Артур Саканян - Театр одного зрителя
Улыбка на её лице застыла, и доктор, виновато улыбнувшись, попросил:
— Вы только не молчите, а то у меня возникает ощущение, будто я гадаю на кофейной гуще.
— А мне нечего сказать, — очнулась она. — Вы так точно всё описали, что у меня нет слов… Просто, я это делала как-то спонтанно, неосознанно… Мне надо осмыслить всё, что вы сказали… Думаю, ваша модель, скорее всего, оригинал. Я… я, фактически, жила, как во сне… Теперь мне надо подумать, как же жить дальше наяву?
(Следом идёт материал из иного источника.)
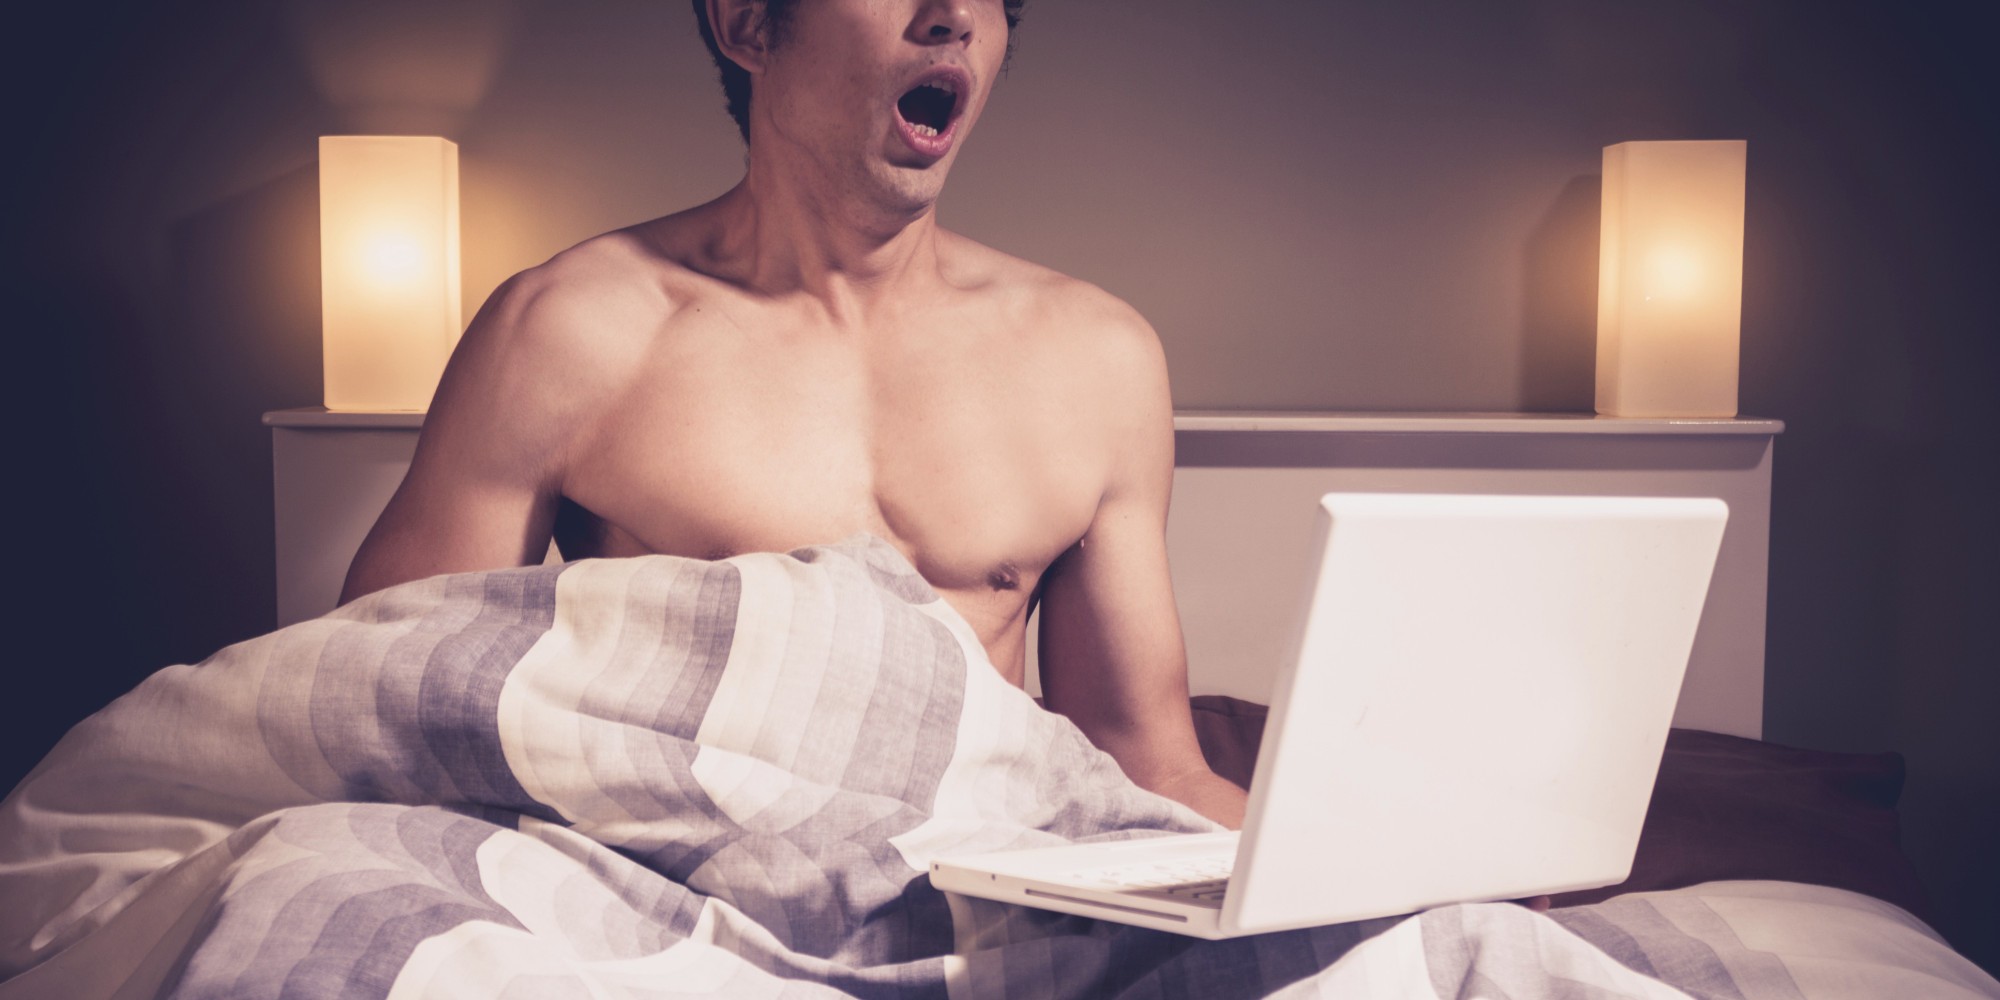 Porno et vidéo en ligne

— Хорошо, но вам надо будет ещё раз перечитать пьесу, — серьёзно произнёс доктор, доставая из ящика стола папку. — Именно здесь находится ваш камень преткновения. Желательно, чтобы этот путь вы прошли самостоятельно. Если не сумеете, то я вам помогу.
-36-
— Доктор, я перечитала пьесу и всю ночь думала. В голове пока хаос, но я многое уже выяснила. Всё, что описано в пьесе, это и есть моё «я», и никуда мне от этого не деться. Режиссёр предложил мне сыграть на сцене эпизоды из моей жизни, а я, в присутствии чужих людей, вывернуть себя наизнанку не смогла… А как мне хотелось с блеском сыграть эту роль. Решила, что перешлю ему деньги за сценарий, а в письме поиздеваюсь, как и на что их следует потратить… Теперь я стала кое-что понимать. В прошлый раз вы говорили, что поступки человека могут искажённо отражать его истинную сущность. А если внутри человека — пустота? Представляете, какой уродливой можно слепить внешнюю форму пустоты? Как на неправедном суде, в пьесе он раскрыл только голые факты, а причины изъял. Сотворил образ мерзкого существа, готового шагать по трупам и цинично топтать святые чувства. Снаружи бесчувственная оболочка, а внутри пусто, души нет. Он вынул душу, а меня вынудил искать оправдание моим поступкам. Но как можно найти оправдание подлости, если душевные причины не раскрыты?..
— Кажется, я понял, в чём тут дело, — задумчиво произнёс доктор. — Ведь желание к совершению поступка, обычно, продиктовано чувствами. Я понял, — с нотками восторга продолжил доктор. — Он лишил вас внутреннего мира чувств и создал образ бесчувственного биологического робота. Он изъял спусковой механизм к действию и вызвал алогизм между причиной и следствием…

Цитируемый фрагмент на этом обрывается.